If you checked the "Show structured CV data" box in the settings earlier (Step 3.3), the next cell will display the structured CV information that the notebook has loaded or generated.

This data is shown in YAML format, which is similar to JSON but often easier for humans to read.

You can expand the cell below to:
* Verify that the AI understood your CV content correctly (if it was processed from PDF).
* See the exact names of the sections (like `work`, `projects`, `skills`) that the AI identified. This is useful for confirming the section names you entered in the "CV Sections to Analyze" setting.

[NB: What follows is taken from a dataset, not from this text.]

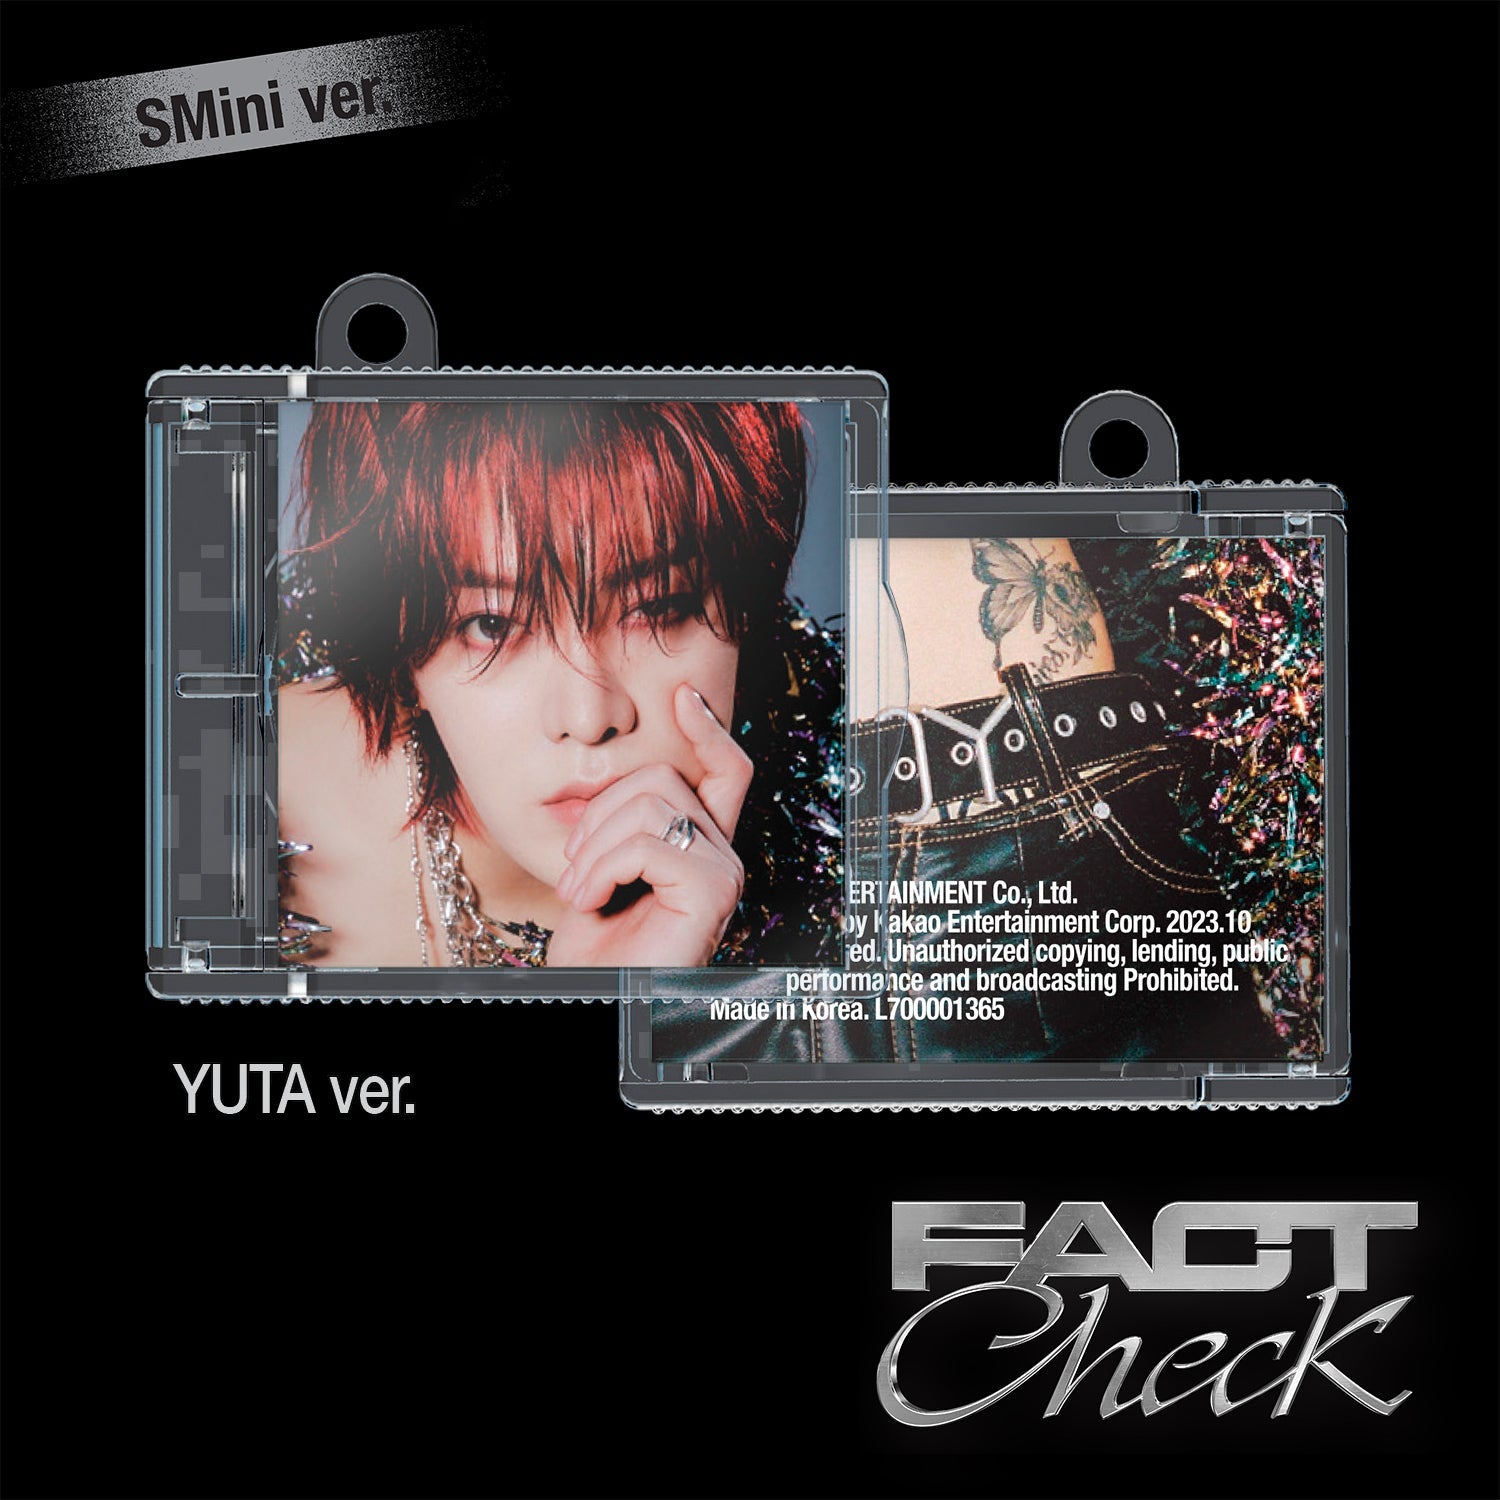 NCT 127 5TH ALBUM 'FACT CHECK' (SMINI) YUTA VERSION COVER
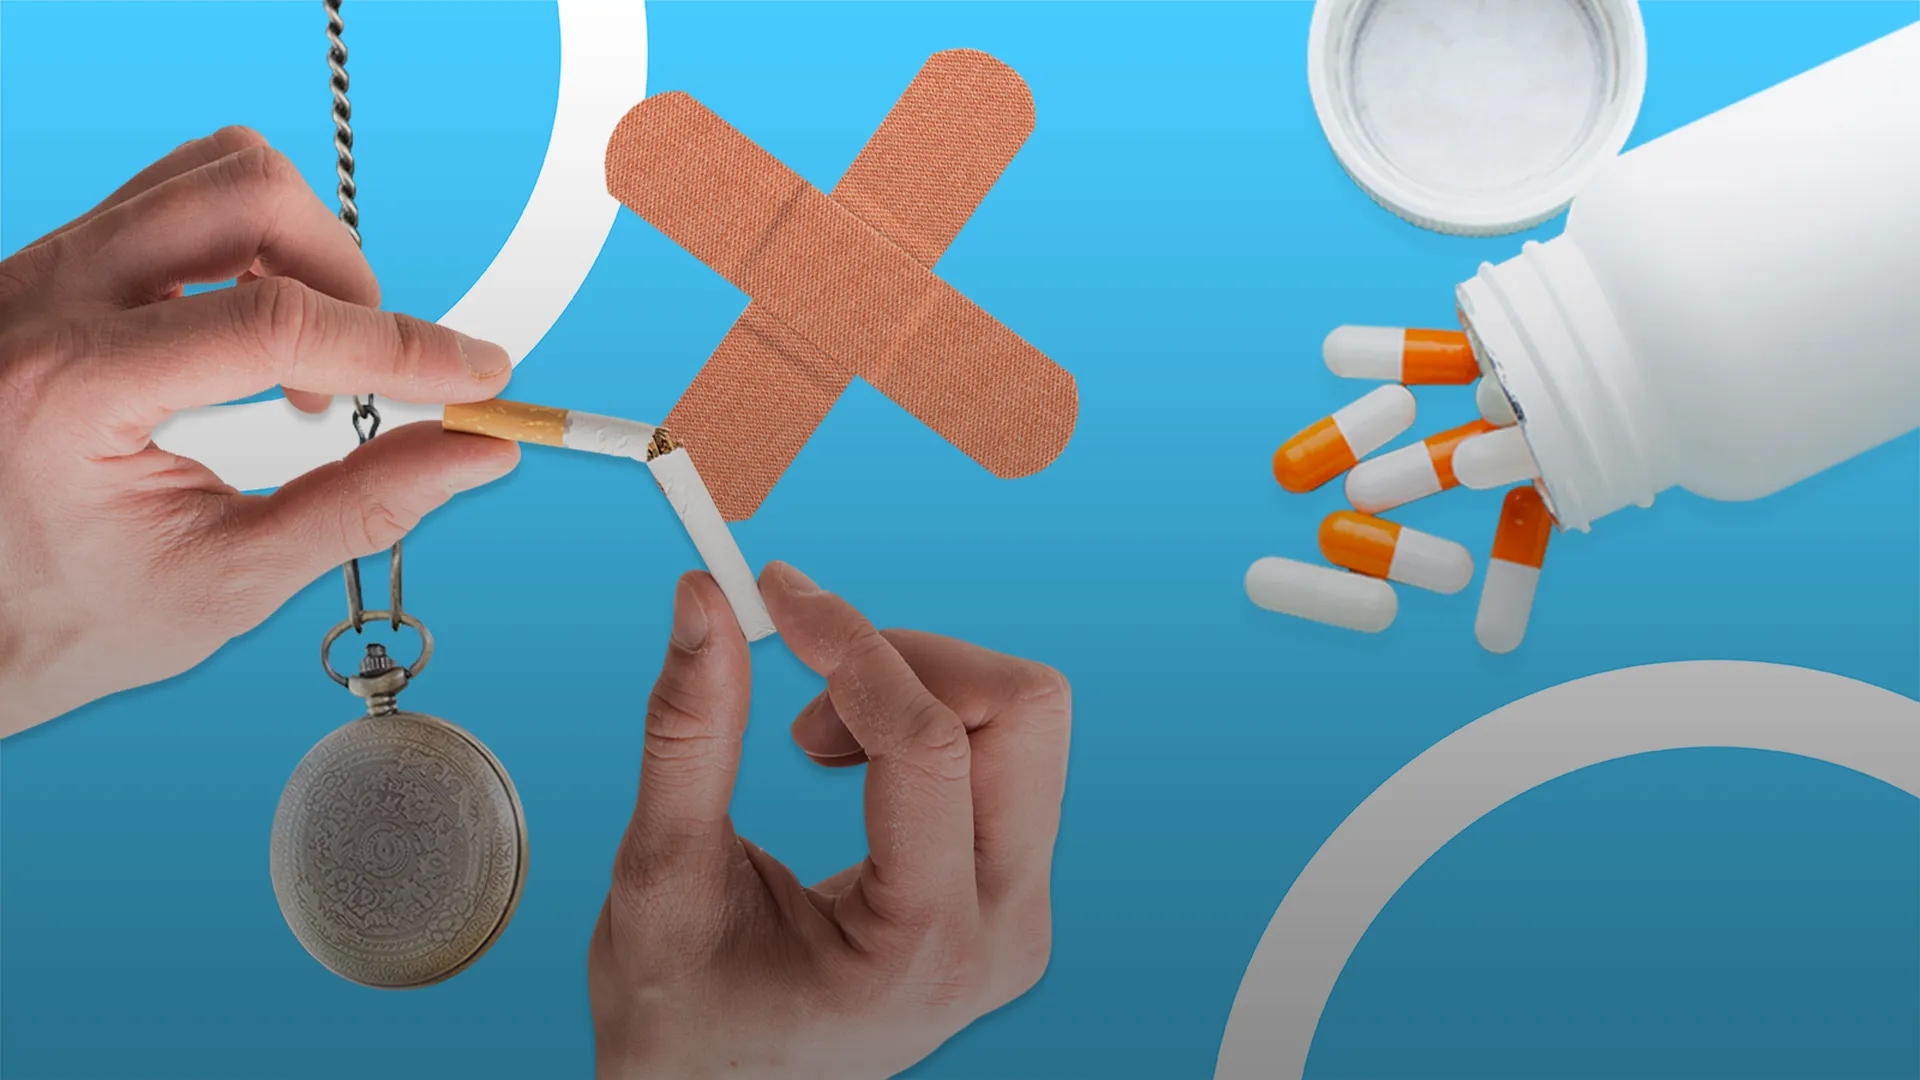 Сломаная сигарета и разнообразные таблетки и пластыри для отказа от табака

If you didn't check the box, the next cell will be skipped.

In [12]:
# @title Display Structured CV Data (YAML Format)
import yaml
import sys

# --- Display only if data exists and the user opted-in ---
# Check if SHOW_STRUCTURED_CV was defined in cell 3.3 and is True
should_display = "SHOW_STRUCTURED_CV" in globals() and SHOW_STRUCTURED_CV

if should_display:
    # Check if structured_cv_data was successfully loaded or created
    if "structured_cv_data" in globals() and structured_cv_data is not None:
        print("--- Structured CV Data (YAML Format) ---")
        try:
            # Use yaml.dump for readable output
            # Use allow_unicode=True for non-ASCII characters
            # Use sort_keys=False to maintain original order where possible
            # Use width=float("inf") to prevent line wrapping within blocks
            print(
                yaml.dump(
                    structured_cv_data,
                    allow_unicode=True,
                    sort_keys=False,
                    width=float("inf"),
                    default_flow_style=None,  # Use block style for readability
                )
            )
        except yaml.YAMLError as e:
            print(f"\n❌ Error formatting data as YAML: {e}")
            print("   Displaying raw data instead:")
            print(structured_cv_data)  # Fallback to raw print
        except Exception as e:
            print(f"\n❌ An unexpected error occurred during display: {e}")
        print("--- End of Structured CV Data ---")
    else:
        print(
            "ℹ️ Structured CV data is not available (likely an issue in previous steps)."
            " Cannot display."
        )
else:  # Optional: uncomment if you want a message when display is skipped due to checkbox
    print("ℹ️ Skipping display of structured CV data as requested in settings.")

ℹ️ Skipping display of structured CV data as requested in settings.


## 5. Create a 'Smart Index' of Your CV

Okay, now we need to make your structured CV searchable in a "smart" way. The AI needs to understand the *meaning* behind the text in your work experience, projects, etc., not just match exact keywords.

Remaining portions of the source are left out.